The White House made clear to conservatives they would have to persuade their moderate colleagues to sign onto those ideas, the official said, a challenging feat given Republicans’ narrow and fractious House majority.

Trump and Johnson plan to meet with some of the ultraconservative lawmakers at the White House at 3 p.m., a person familiar with the plans said. That meeting will be an opportunity to strike a deal, the Trump official said.

Ultraconservative Representative Andy Harris of Maryland cast the conversations with the White House as a “midnight deal” for deeper cuts in Medicaid and faster elimination of Biden-era clean energy tax breaks.

“I’m sorry, but that’s a pay grade above the speaker,” Harris said. 

Harris said the bill doesn’t reflect that agreement and hardliners will block the package if it comes to a vote. Representative Ralph Norman, an ultraconservative from South Carolina, said the bill “doesn’t have the votes. It’s not even close.”

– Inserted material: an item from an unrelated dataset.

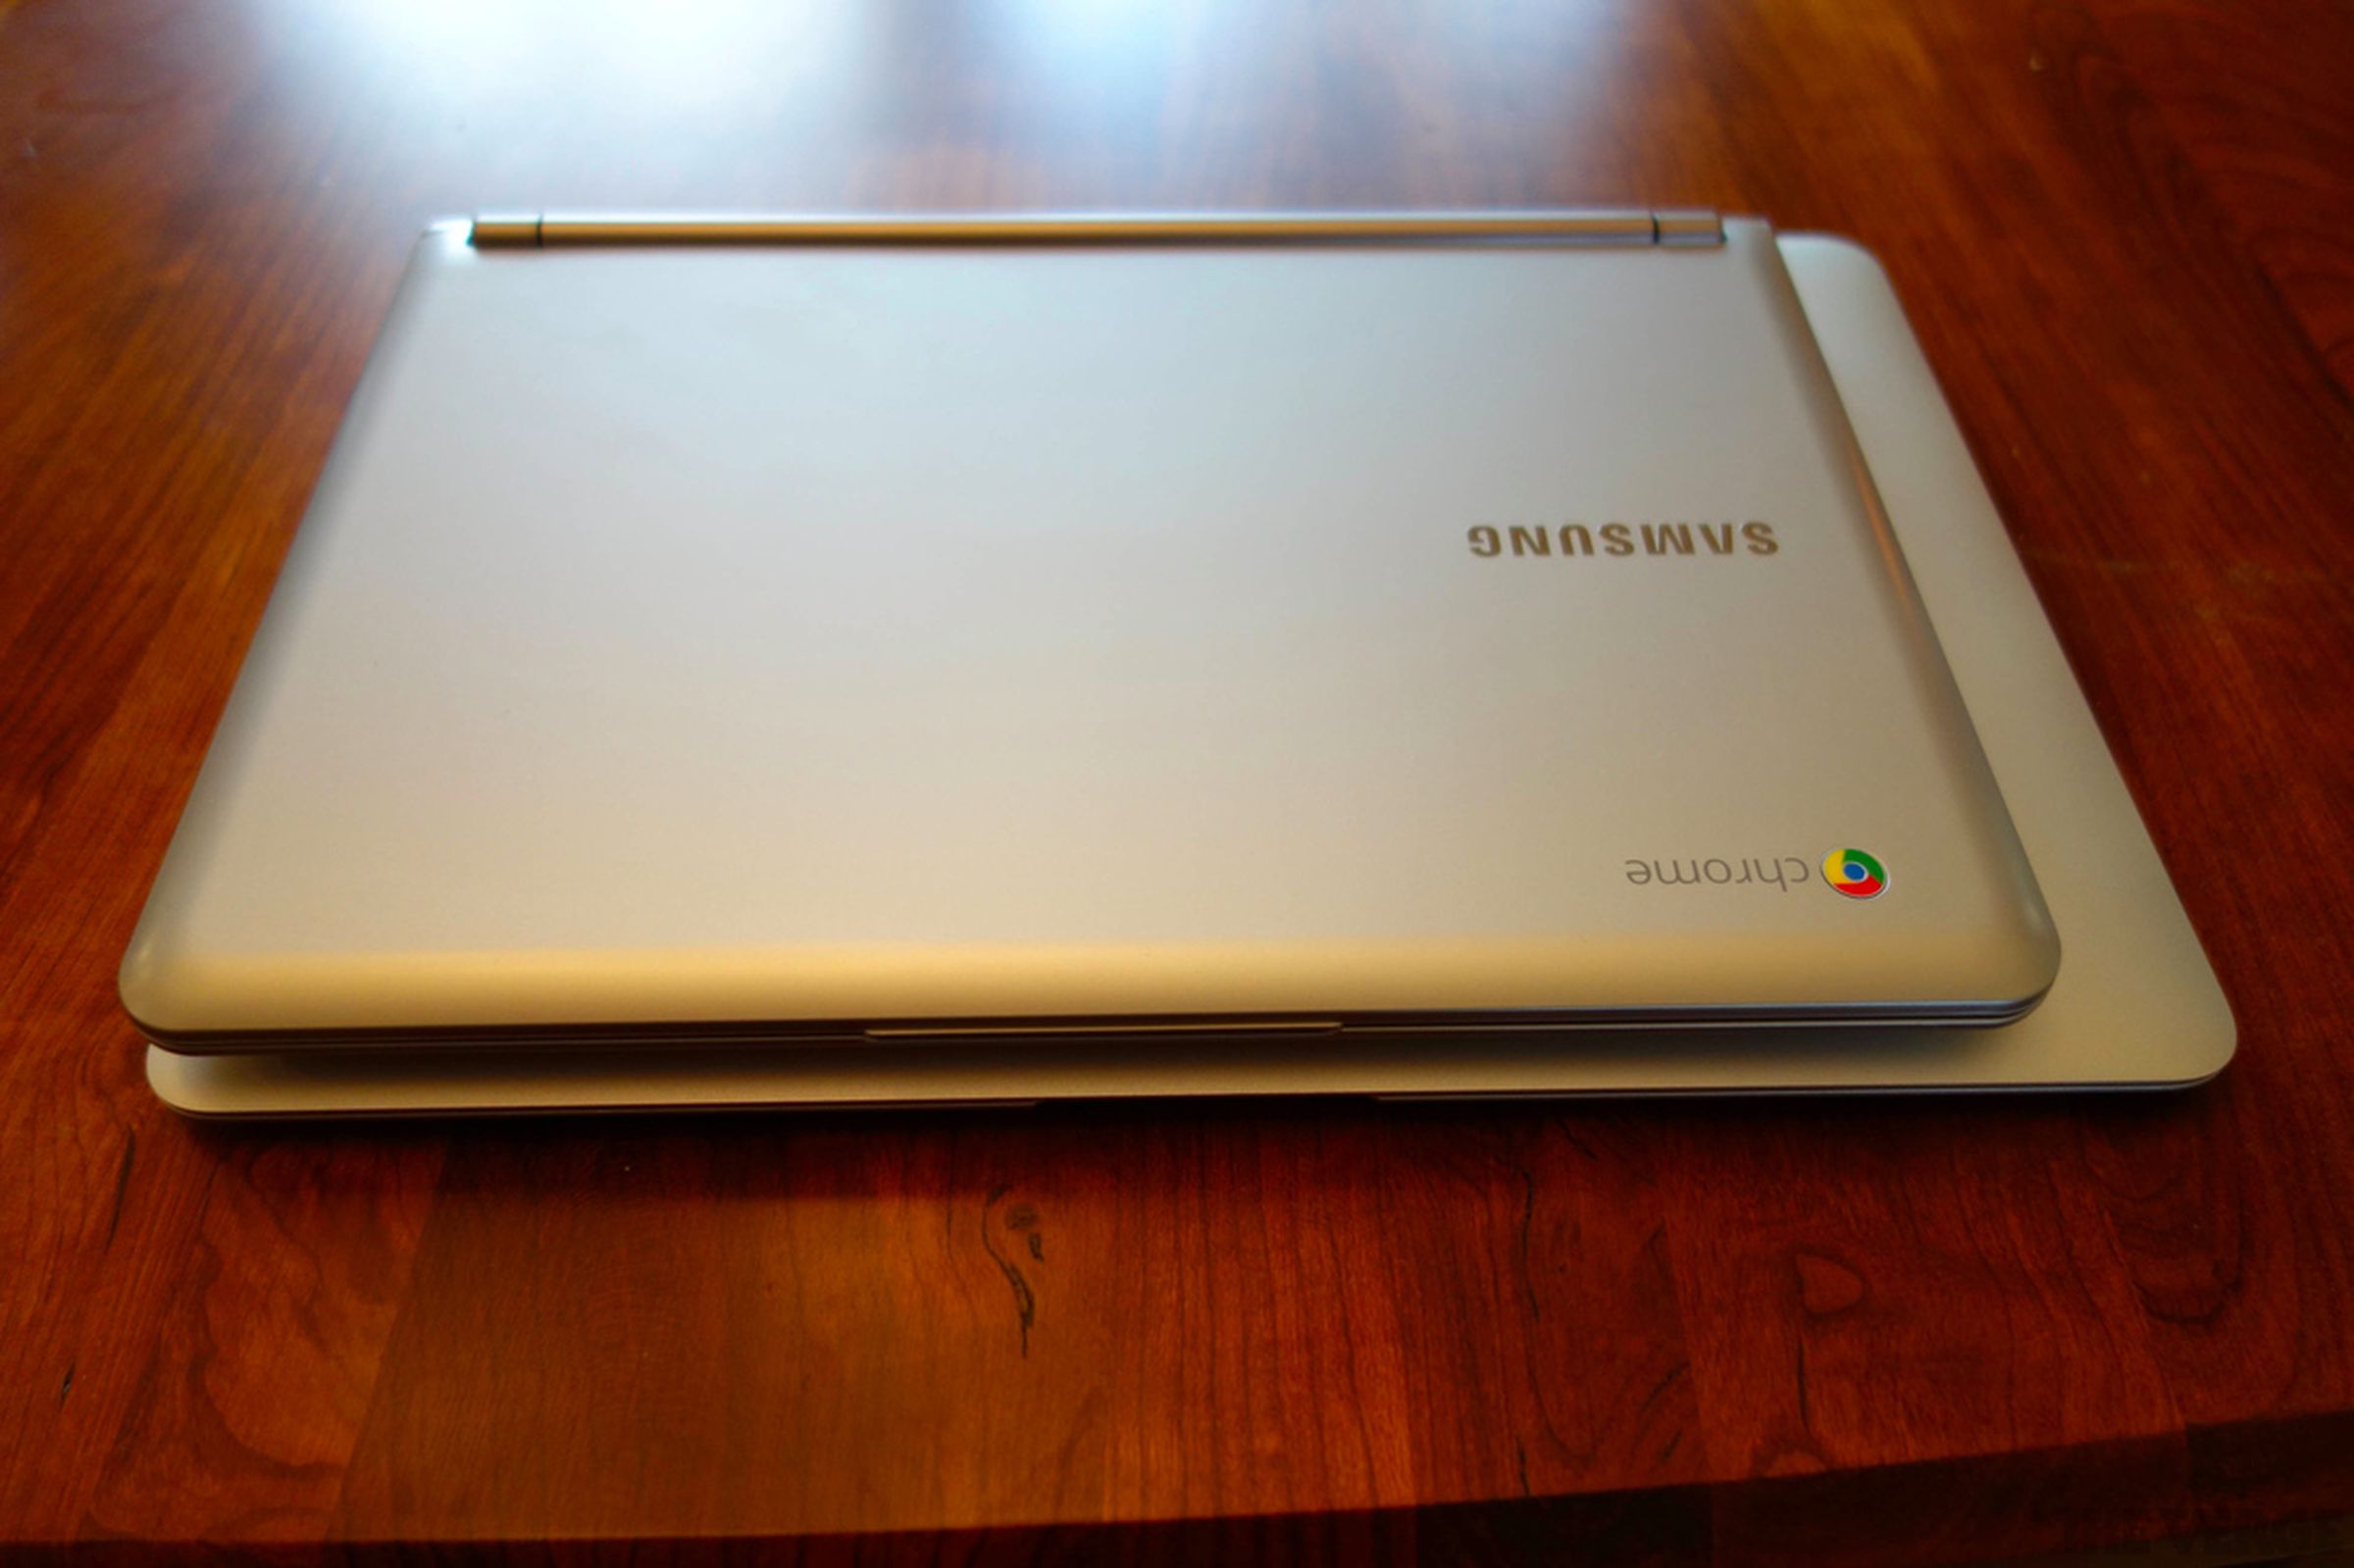 Samsung Chromebook review

Freedom Caucus members said they aren’t moving the goal posts by asking for more spending cuts than the budget outline they already voted for. They said they want to rearrange the spending cuts to focus on ending “abuse” in Medicaid and immediately ending green energy tax breaks.

House Republicans leaders are also planning to accelerate new Medicaid work requirements to December 2026 from 2029 in a bid to satisfy ultraconservatives, according to a lawmaker familiar with the discussions. 

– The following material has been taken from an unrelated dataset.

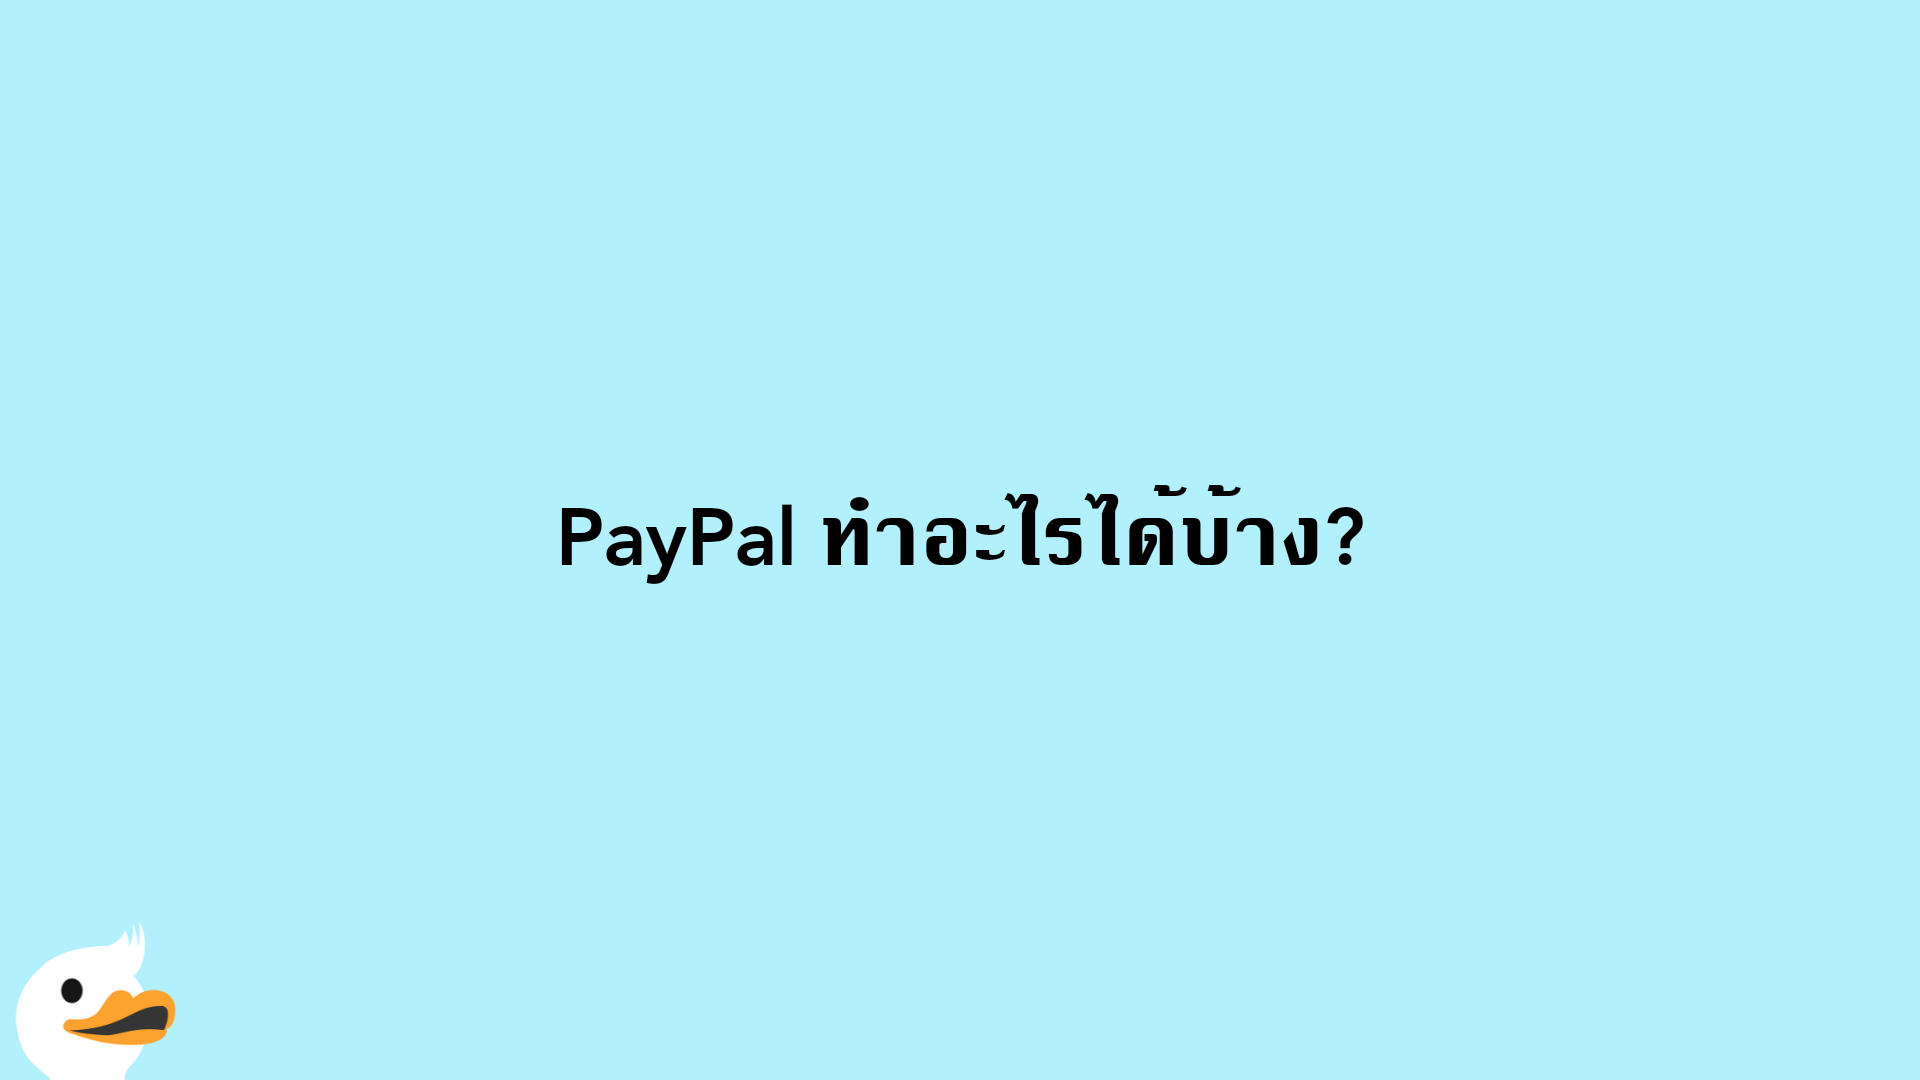 PayPal ทำอะไรได้บ้าง?
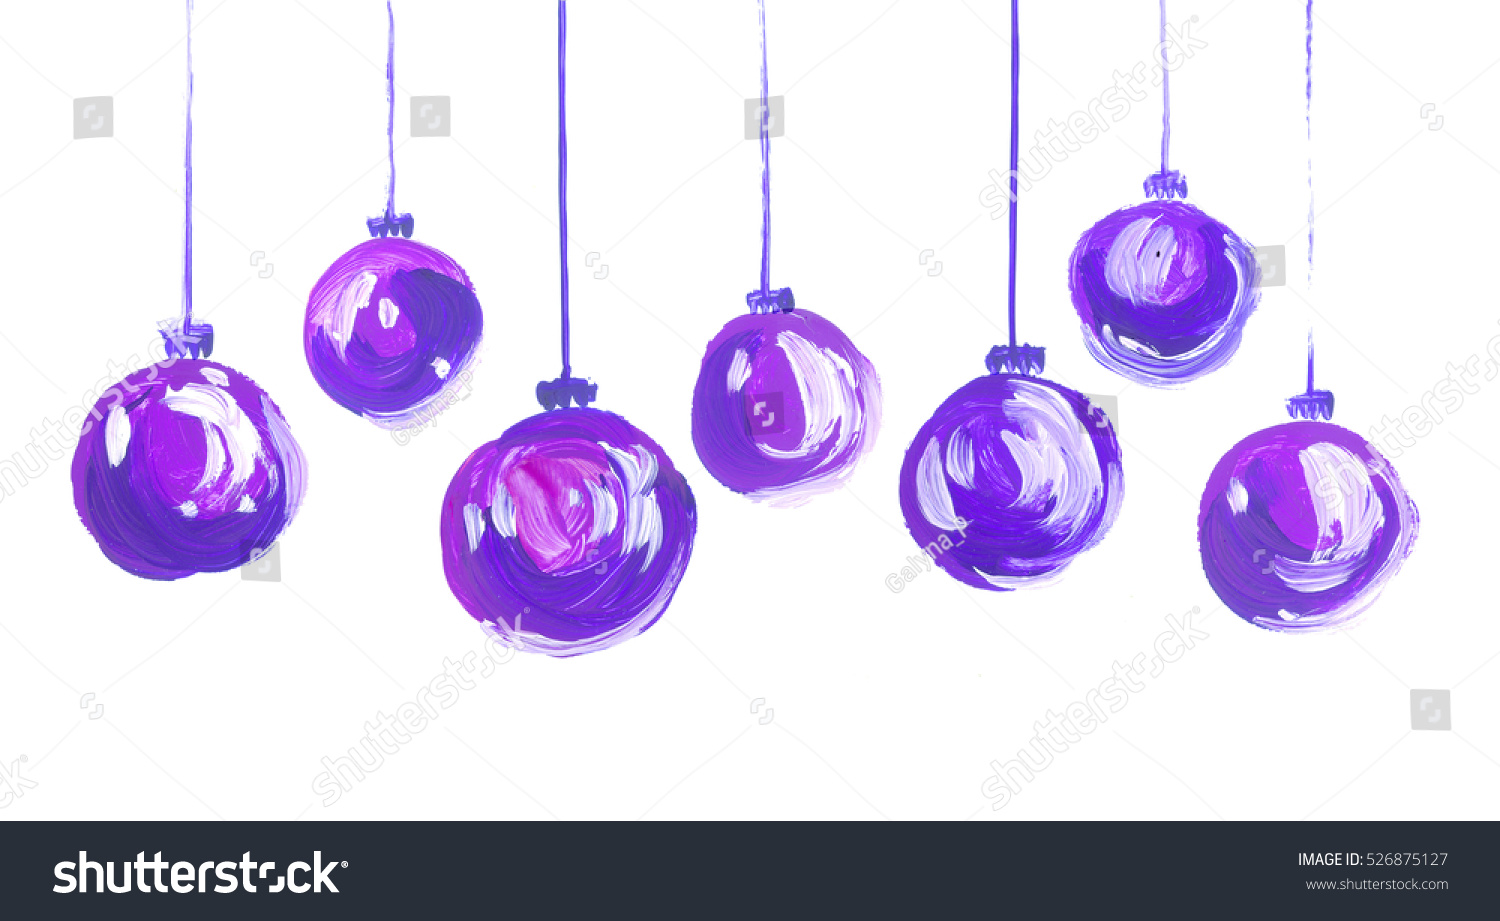 acrylic christmas balls

How deeply to cut safety-net programs such as food assistance and Medicaid health coverage for the poor and disabled has been a sticking point in reaching agreement on Trump’s tax bill, as Johnson attempts to navigate a narrow and fractious majority.

Harris and Norman spoke shortly after Johnson announced the SALT agreement on CNN. 

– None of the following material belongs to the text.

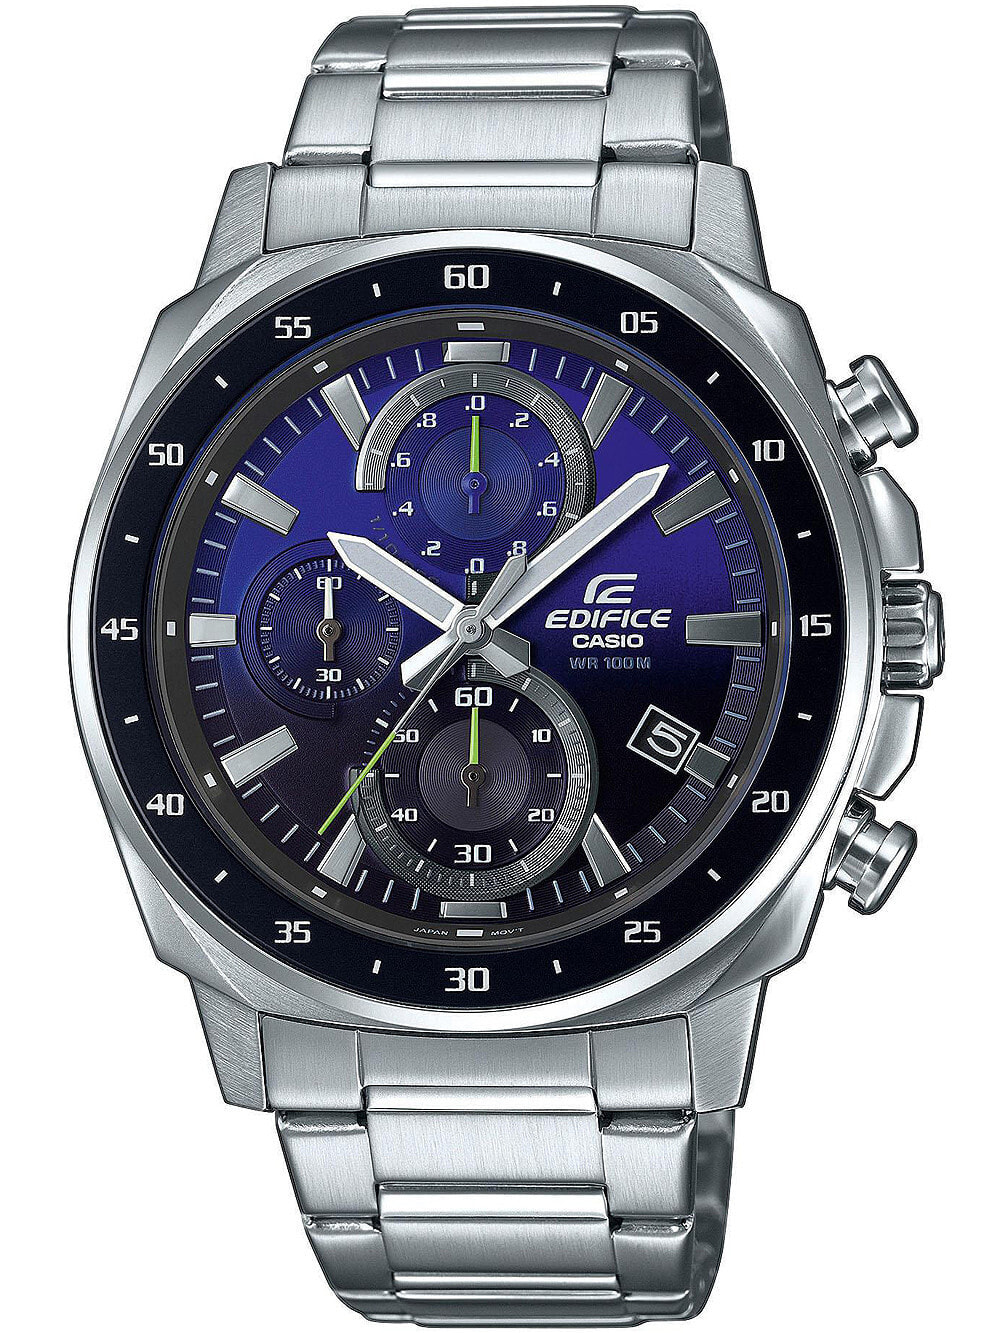 Мужские наручные часы с серебряным браслетом Casio EFV-600D-2AVUEF Edifice mens 44mm 10ATM

Johnson said there is “a chance” the package could come to a vote Wednesday.

But several ultraconservatives cast doubt on that. “There’s a long way to go,” said Representative Chip Roy of Texas, another Republican hardliner.

The speaker can only lose a handful of votes and still pass the bill, which is the centerpiece of Trump’s legislative agenda.

The $40,000 SALT limit would phase out for annual incomes greater than $500,000 for the 10-year length of the bill, Lawler said. The income phaseout threshold would grow 1% a year over a decade, a person familiar with the matter said.

The cap is the same for both individual taxpayers and married couples filing jointly, the person added.

Another person described the income phase-out as gradual, so that taxpayers earning more than $500,000 would not be punished.

Several lawmakers —  New York’s Lawler, Nick LaLota, Andrew Garbarino and Elise Stefanik; New Jersey’s Tom Kean, and Young Kim of California — have threatened to reject any tax package that does not raise the SALT cap sufficiently.

The current write-off is capped at $10,000, a limit imposed in Trump’s first-term tax cut bill. Previously, there was no limit on the SALT deduction and the deduction would again be uncapped if Trump’s first-term tax law is allowed to expire at the end of this year.

Johnson’s plan expands upon the $30,000 cap for individuals and couples included in the initial version of the tax bill released last week. That draft called for phasing down the deduction for those earning $400,000 or more. That plan was quickly rejected by several lawmakers from high-tax districts who called the plan insultingly low.

The acceleration of new Medicaid work requirements could become an issue in the midterm elections — which fall just one month earlier — with Democrats eager to criticize Republicans for restricting health benefits for low-income households. 

House leaders’ initial version of legislation pushed back the new requirements until after the next presidential election.

The earlier date for the Medicaid work requirement could alienate several Republicans from swing districts concerned about cuts to the healthcare program. It is also likely to provoke a backlash in the Senate.

It will be very difficult for states to implement the work requirements in a year and a half, said Matt Salo, a consultant who advises health care companies and formerly worked for the National Association of Medicaid Directors.